[TASK DESCRIPTION]
Transcribe only the stretch of lines that opens with the line containing "High Resolution-Furniture_Linoleum_4184_desk5_detail_drawer" and closes with the last line of the listing, skipping pictures.

[STORED DATA]
*** Begin section ***
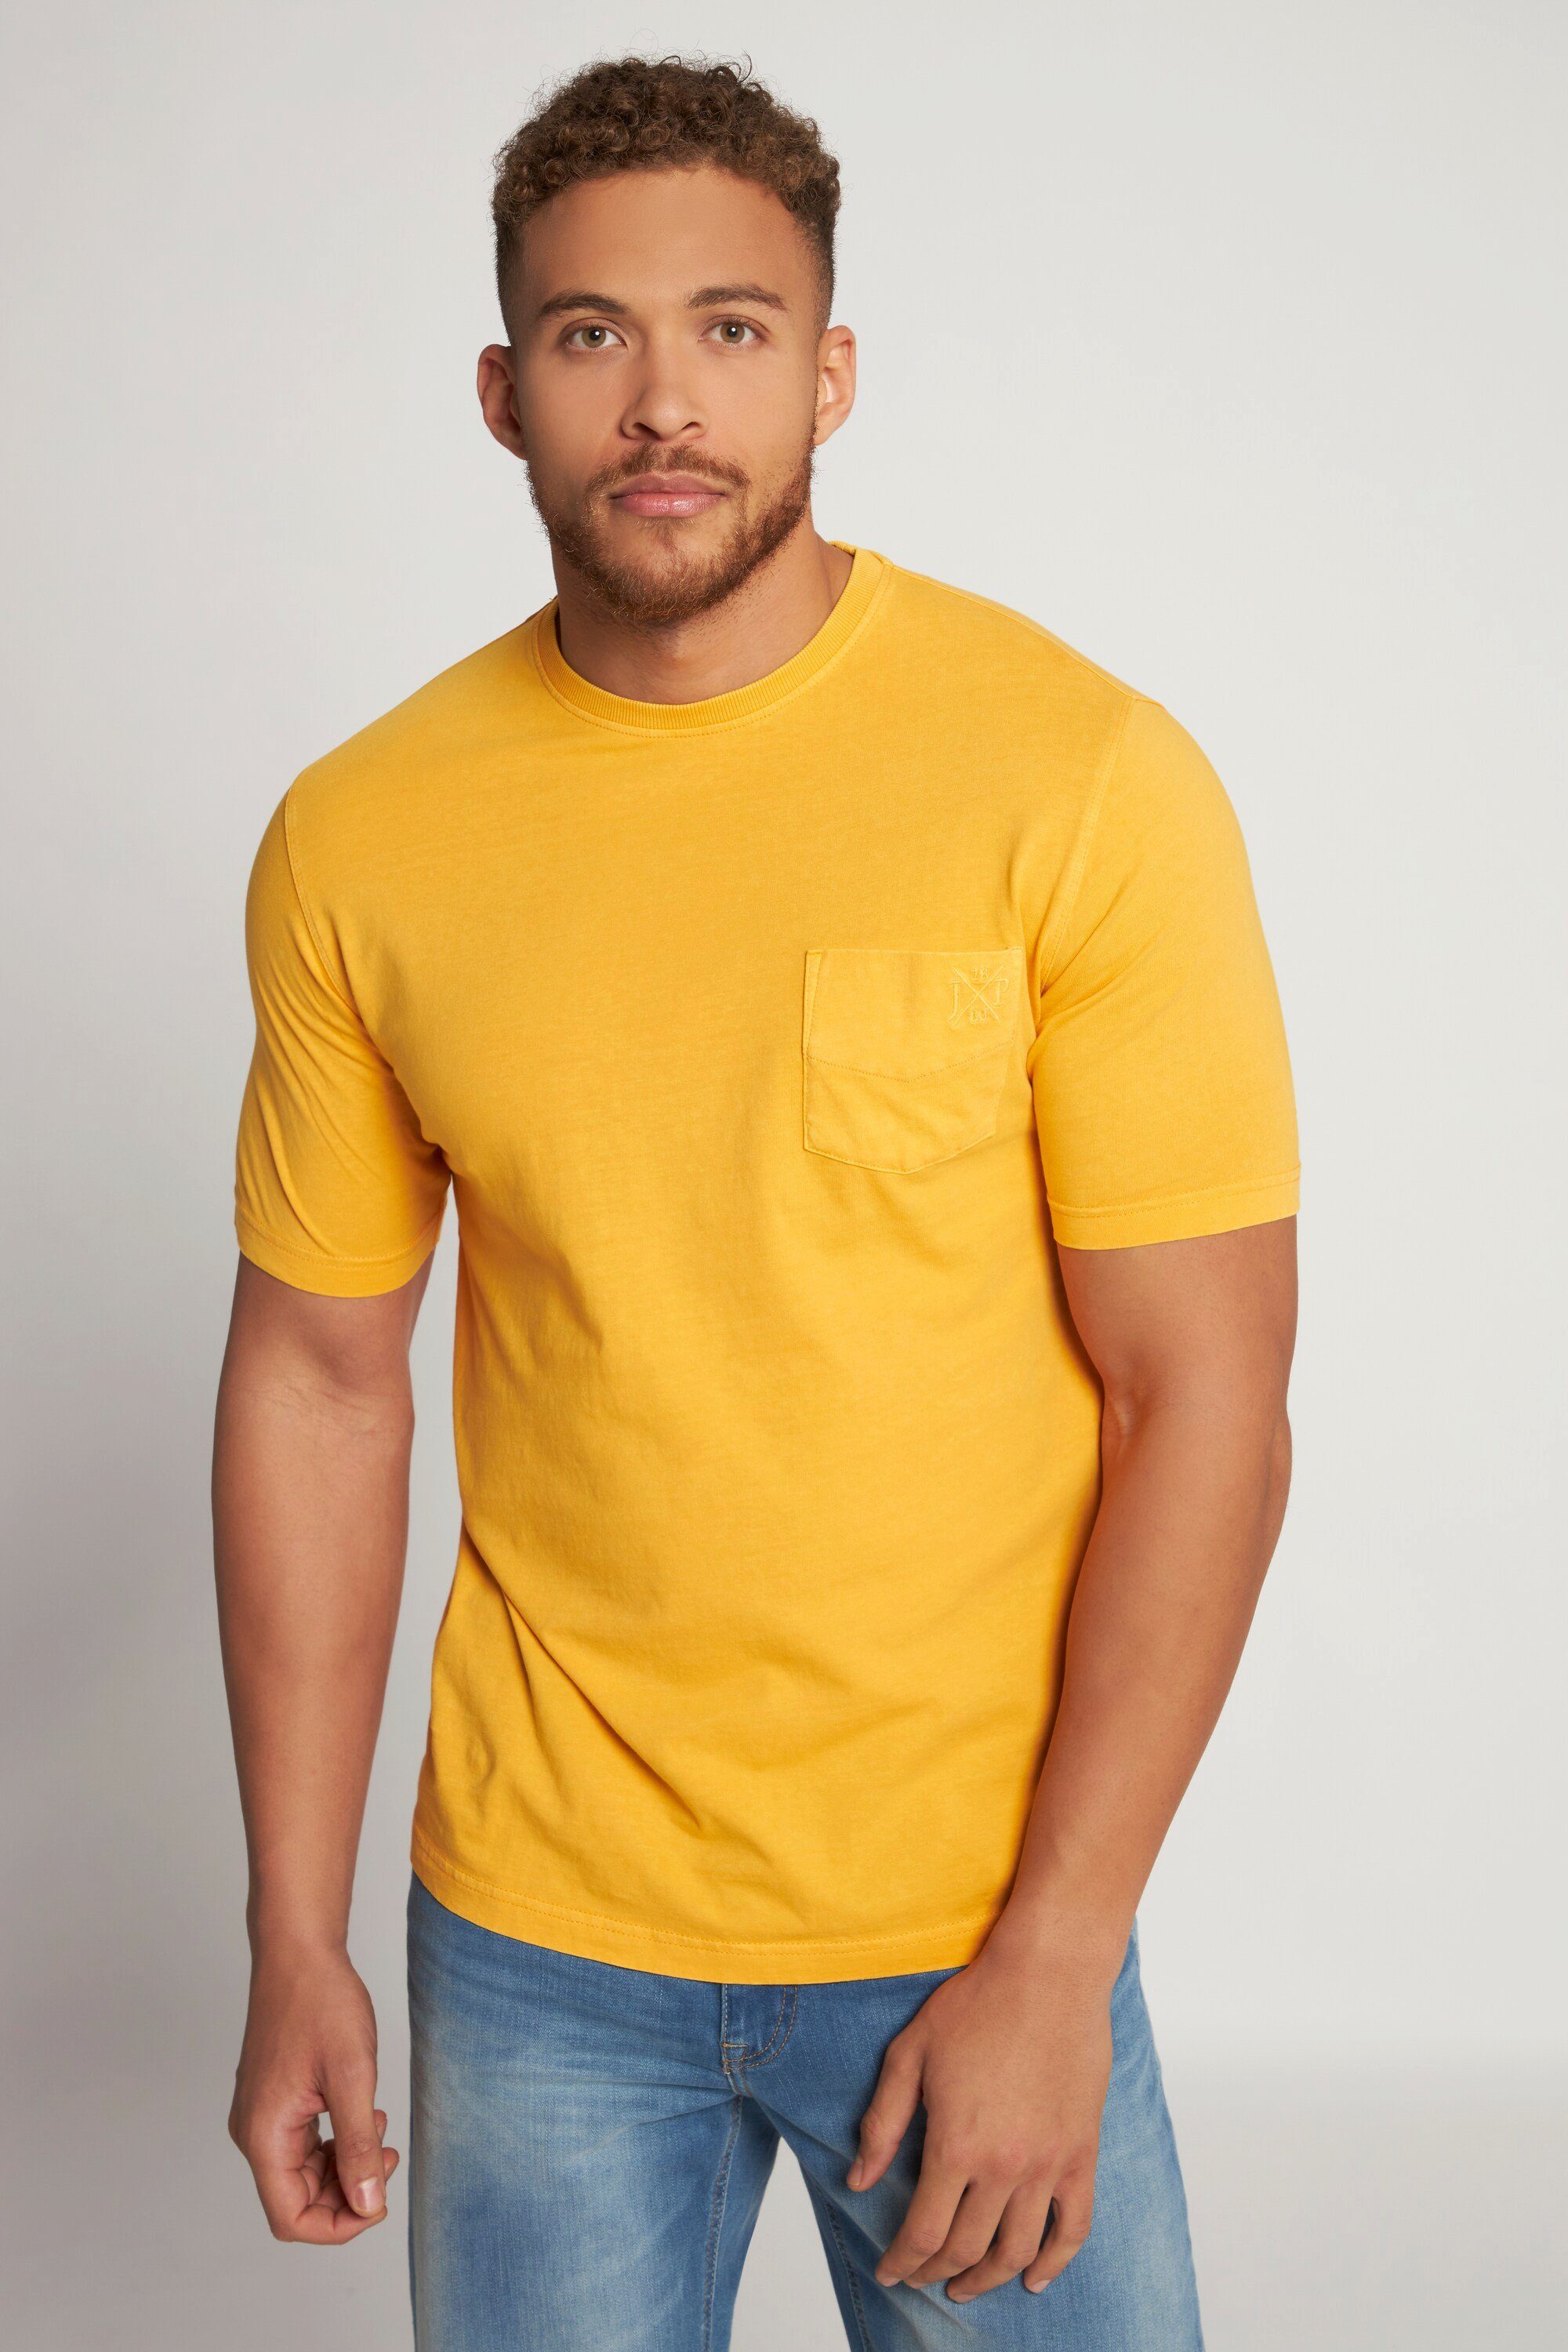 JP1880 Rundhals T-Shirt Halbarm T-Shirt Brusttasche orange
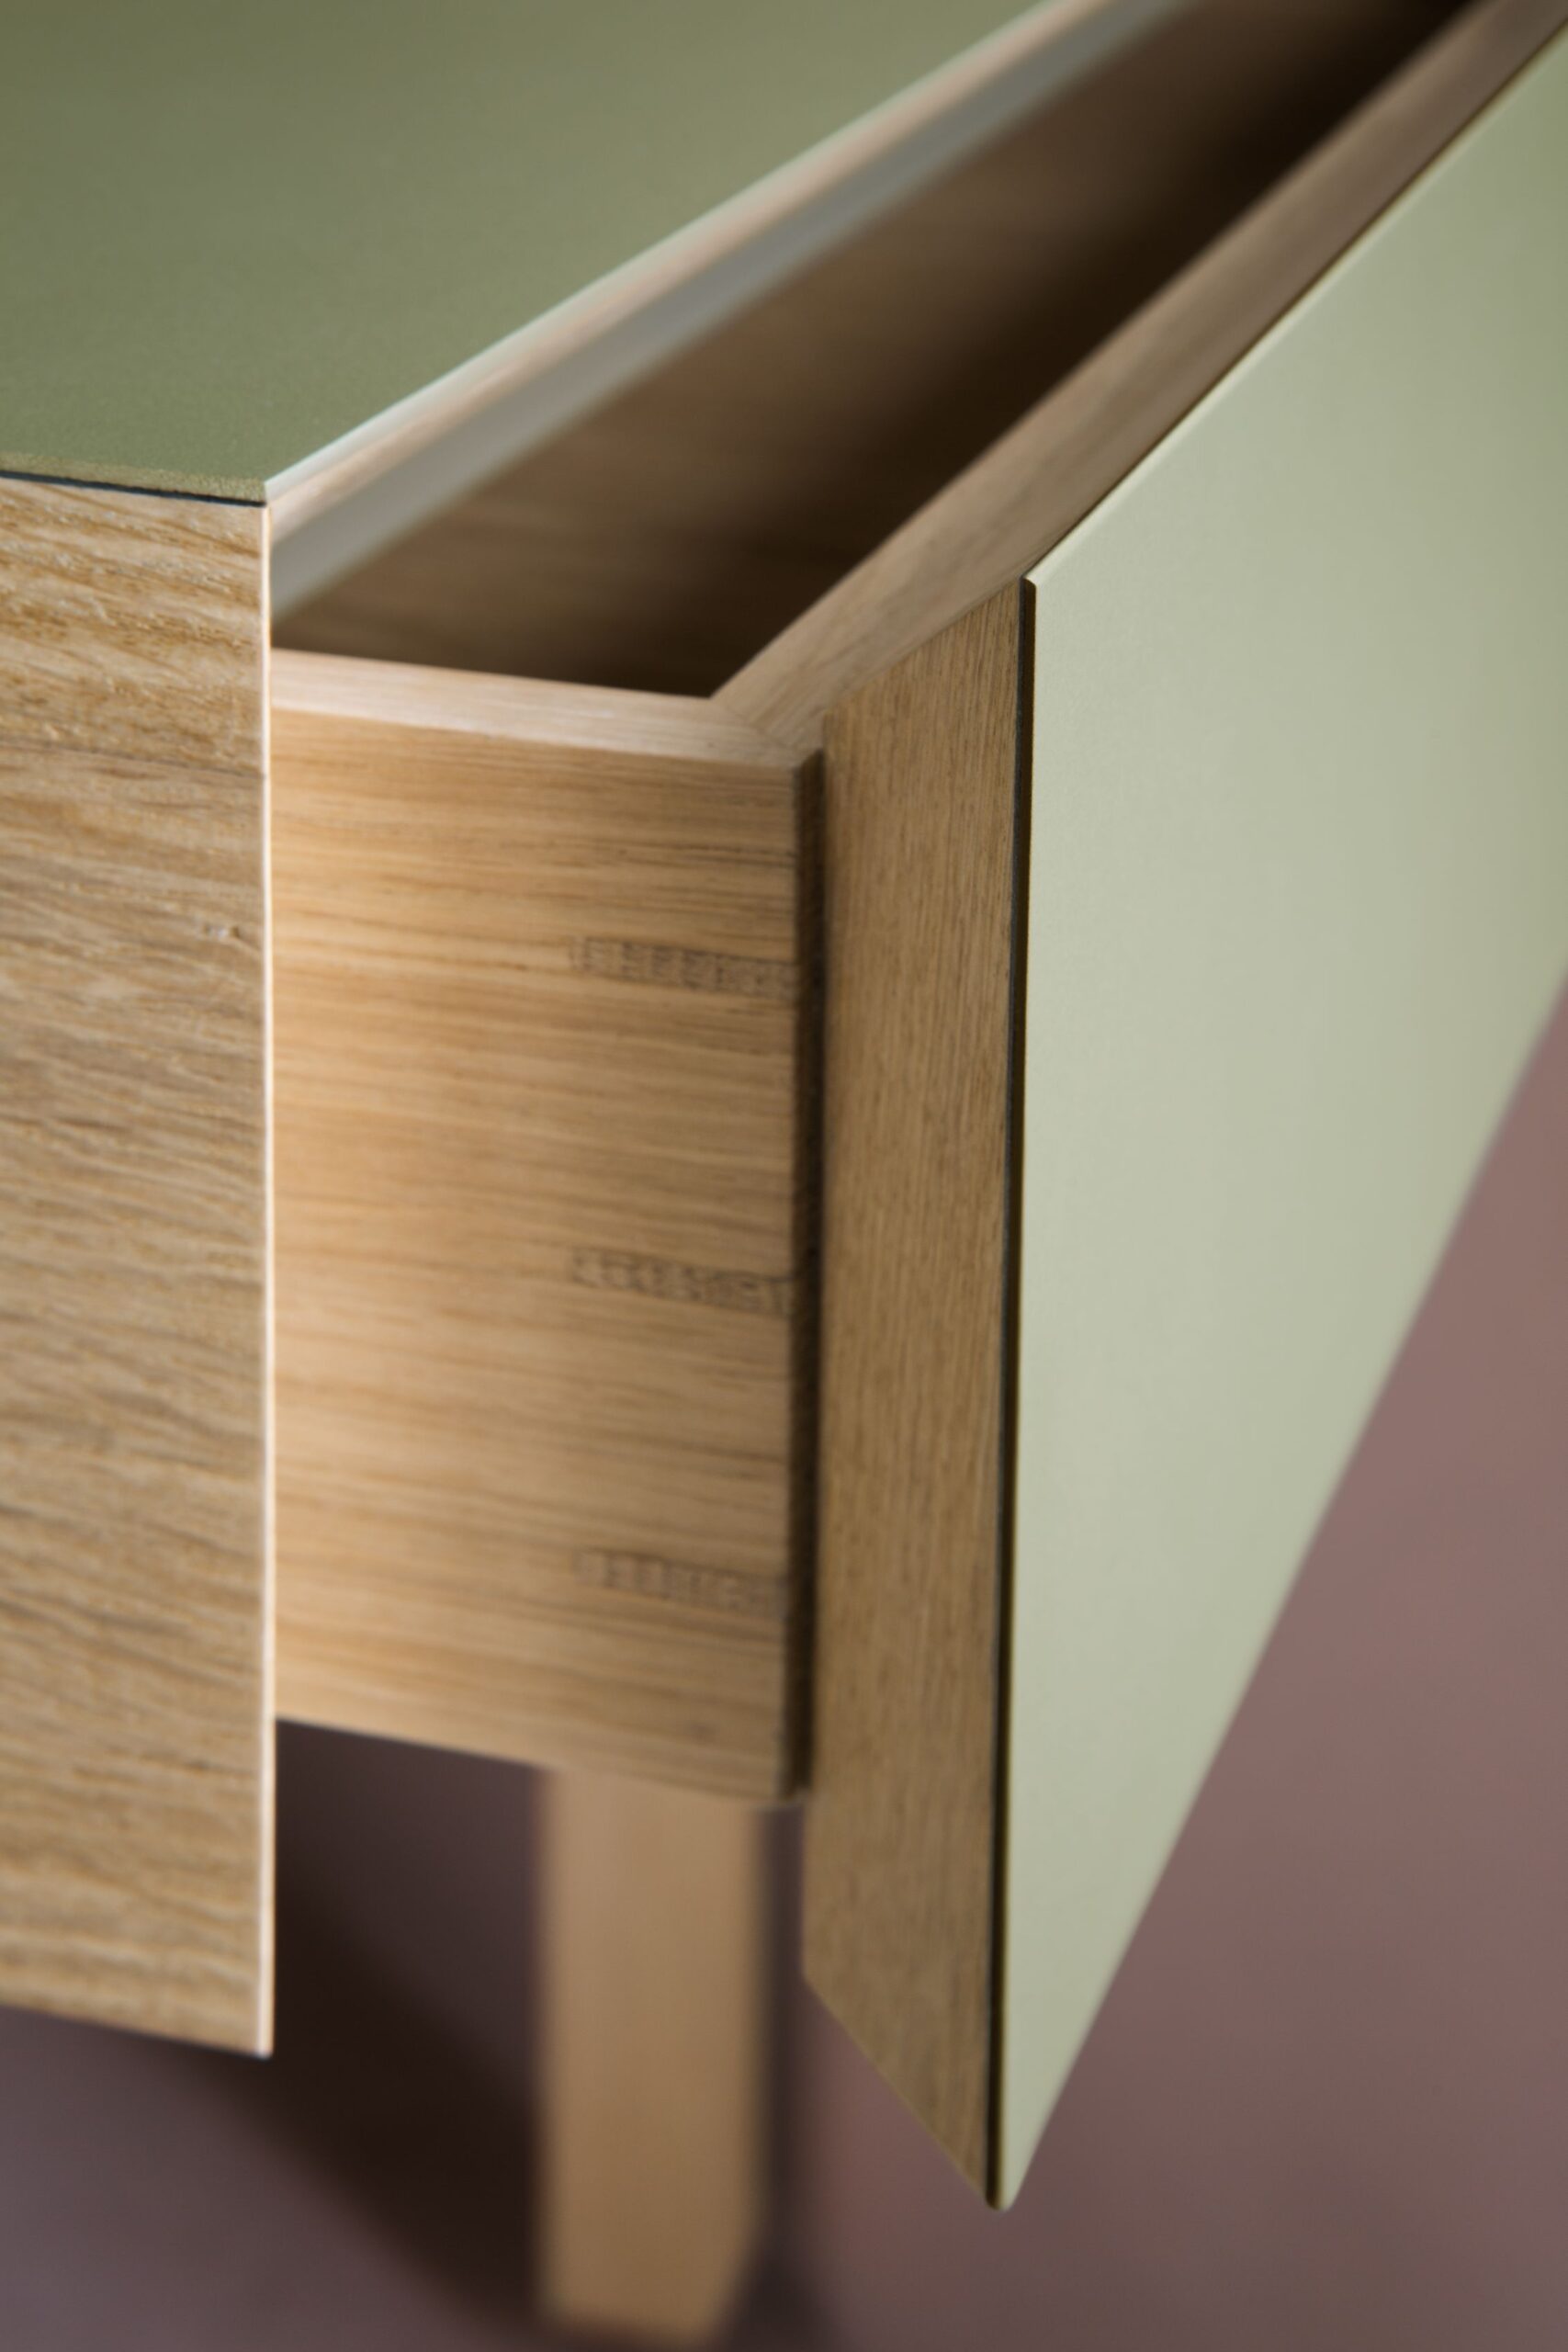 High Resolution-Furniture_Linoleum_4184_desk5_detail_drawer
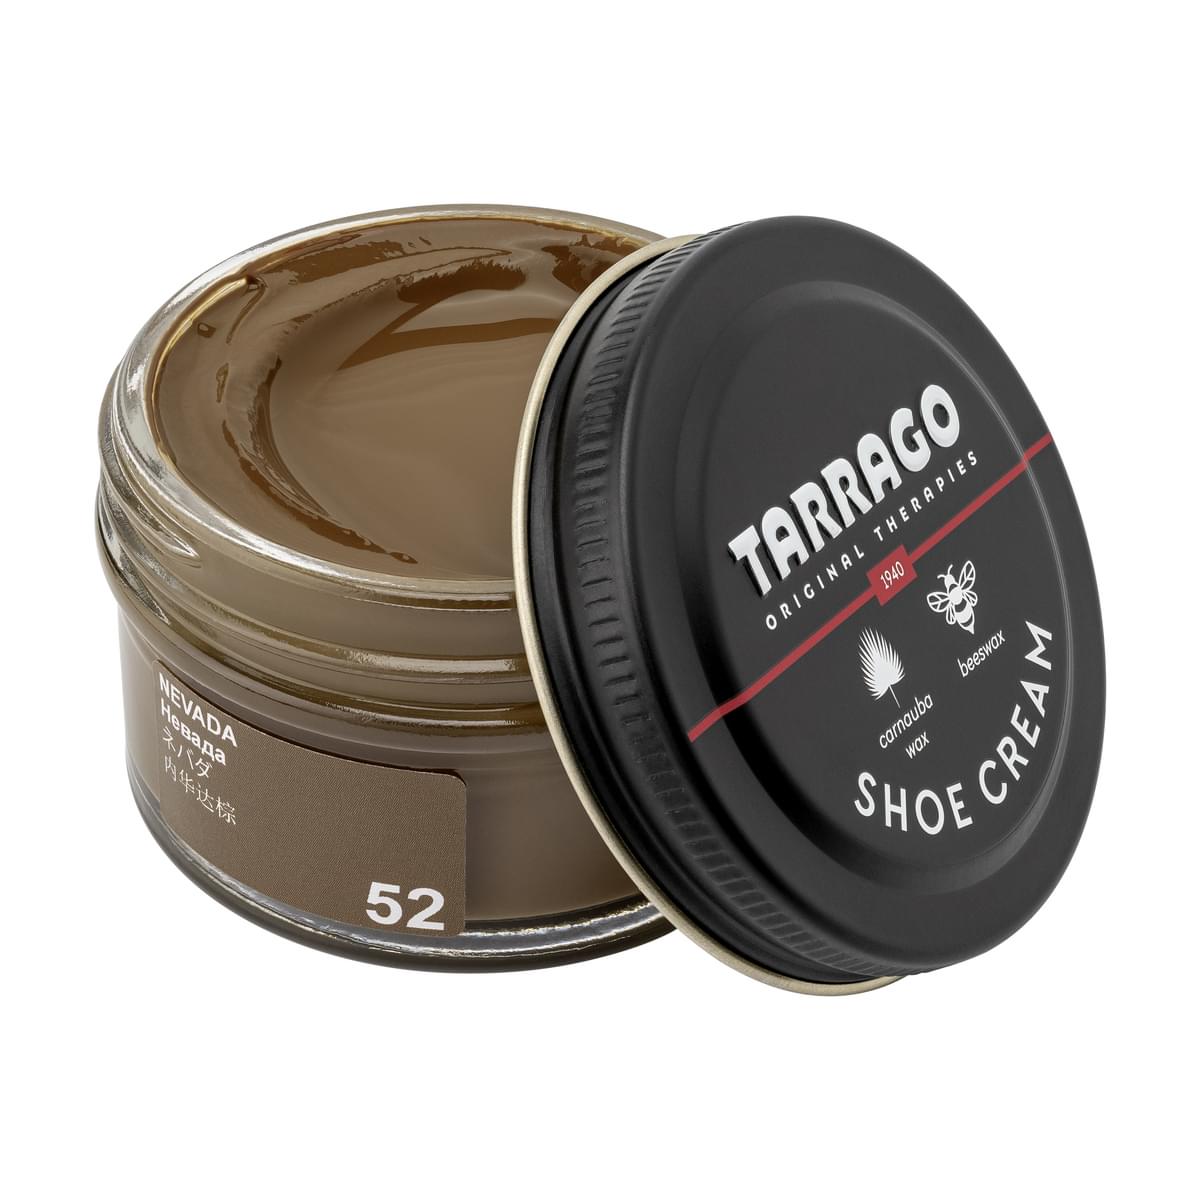 Tarrago Shoe Cream  - Nevada - 52
*** End section ***
[RESPONSE TO THIS TASK]
 High Resolution-Furniture_Linoleum_4184_desk5_detail_drawer
 Tarrago Shoe Cream  - Nevada - 52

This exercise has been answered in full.